Before we introduced the experimental task, the dogs were accustomed to the apparatus and the food delivery system during several sessions. First, they were trained to touch the monitor with their nose by means of a “clicker”-aided shaping procedure, defined as a subset of operant conditioning using positive reinforcement, extinction and negative punishment. We used the same food pellets that were delivered as rewards by the feeding device. Once the dogs were accustomed to touching the screen with their nose, they were trained to touch a stimulus (yellow circle or square) appearing on the otherwise black screen. The stimulus was randomly placed on the screen, and changed its position from trial to trial. This feature forced the dogs to search the whole screen in order to locate the stimulus. This second step of training was a combination of clicker training and automated responses. If the dogs hit the stimuli directly with their nose and thereby interrupted the infrared light grid in front of the screen, they triggered an acoustic signal and delivery of a food pellet by the feeding device. However, in order not to frustrate the dogs (it needs some practice on the side of the dogs to learn how to touch the screen in order to provoke a response), the clicker was still used to reward attempts.

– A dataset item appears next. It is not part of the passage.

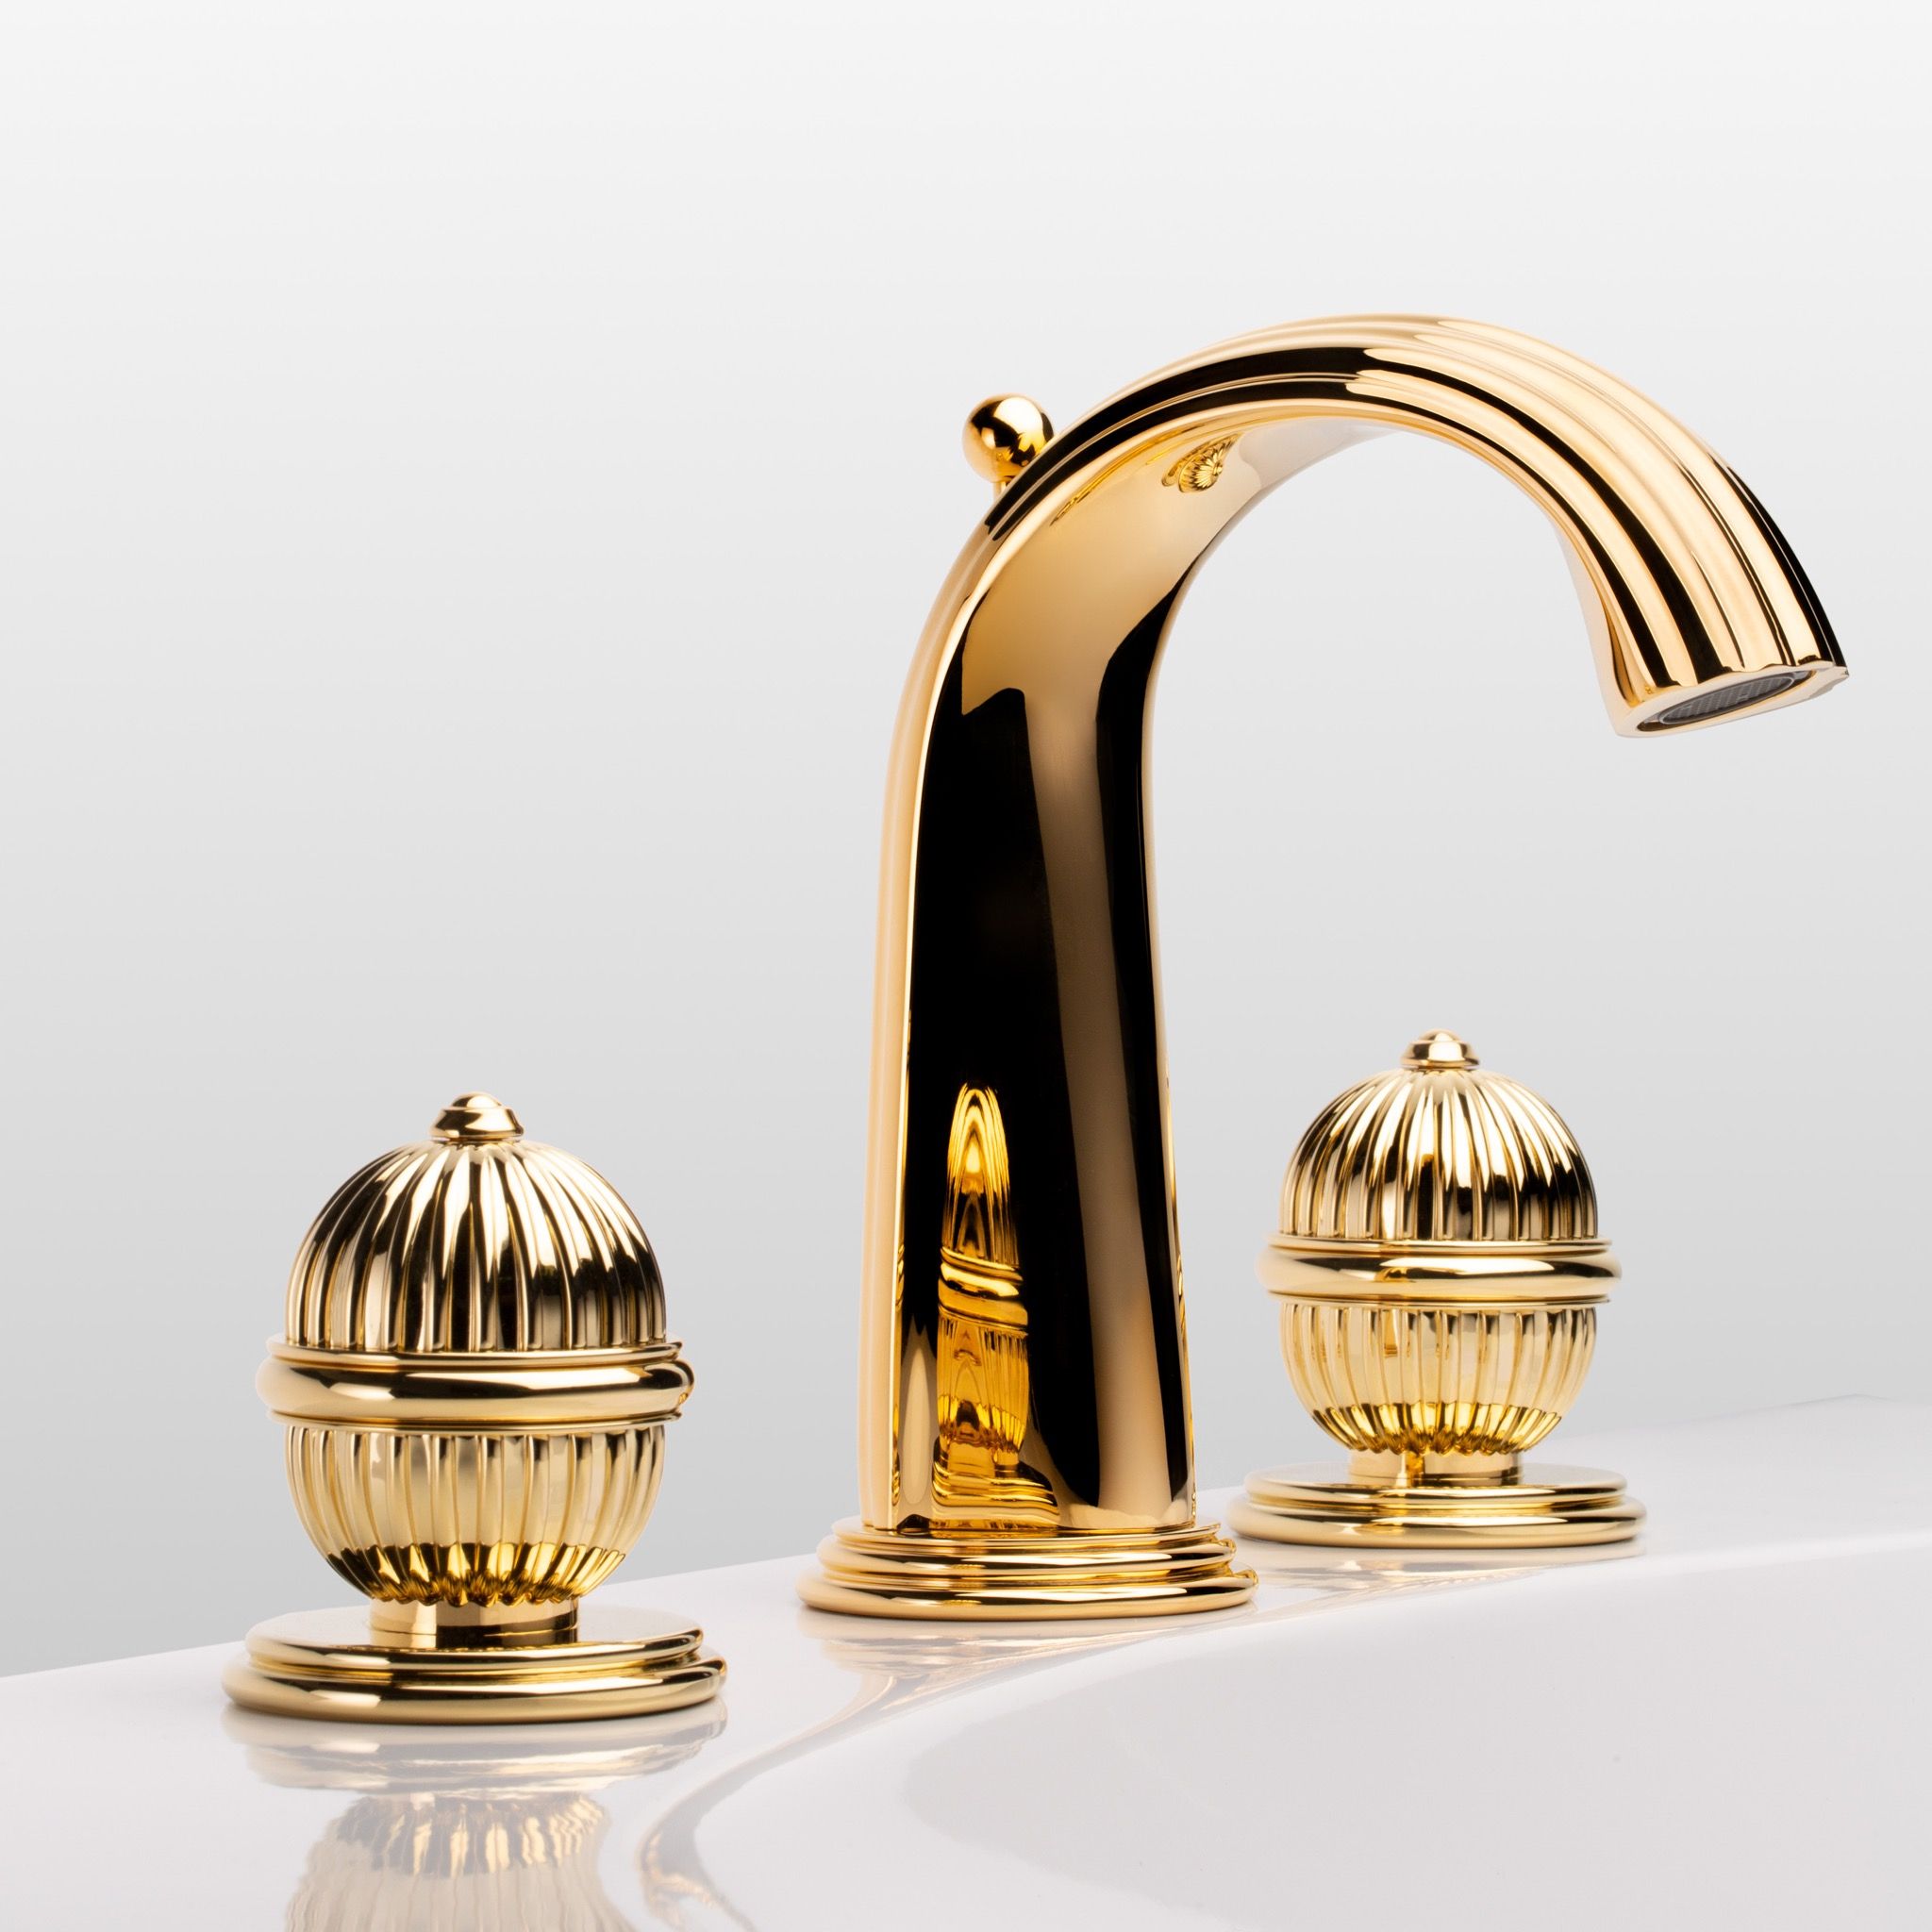  Vòi chậu rửa mặt cổ điển Anfa polished gold bằng đồng - 1301

When the dogs successfully responded to the stimuli presented, discrimination of simple forms (circle vs. rectangle) was required to make the dogs familiar with the forced two-choice procedure used for all following experiments. Each trial consisted of one positive and one negative training stimulus, being simultaneously presented on a black background in fixed positions (i.e., at about the animal’s eye level with one stimulus appearing somewhat left of the middle of the screen and the other one appearing somewhat right). The positions (left/right) of S+ and S− varied randomly from trial to trial. Each session consisted of 30 trials. Touching the correct stimulus (S+) immediately terminated presentation (i.e., both stimuli disappeared from the screen) and food was provided. Touching the wrong stimulus (S−) resulted in a correction trial, i.e., stimulus presentation was terminated and the color of the touch screen turned to red for 3 s. Then the stimuli of the previous trial were shown again in identical positions as before. Another wrong choice then led to another correction trial, whereas a correct choice terminated the trial and led to food access. To enhance learning, correct choices were indicated by a short tone followed by a food reward, negative choices were indicated by a buzz. Each trial (except correction trials) was followed by a 4 s inter-trial interval (ITI), during which an empty black background was shown.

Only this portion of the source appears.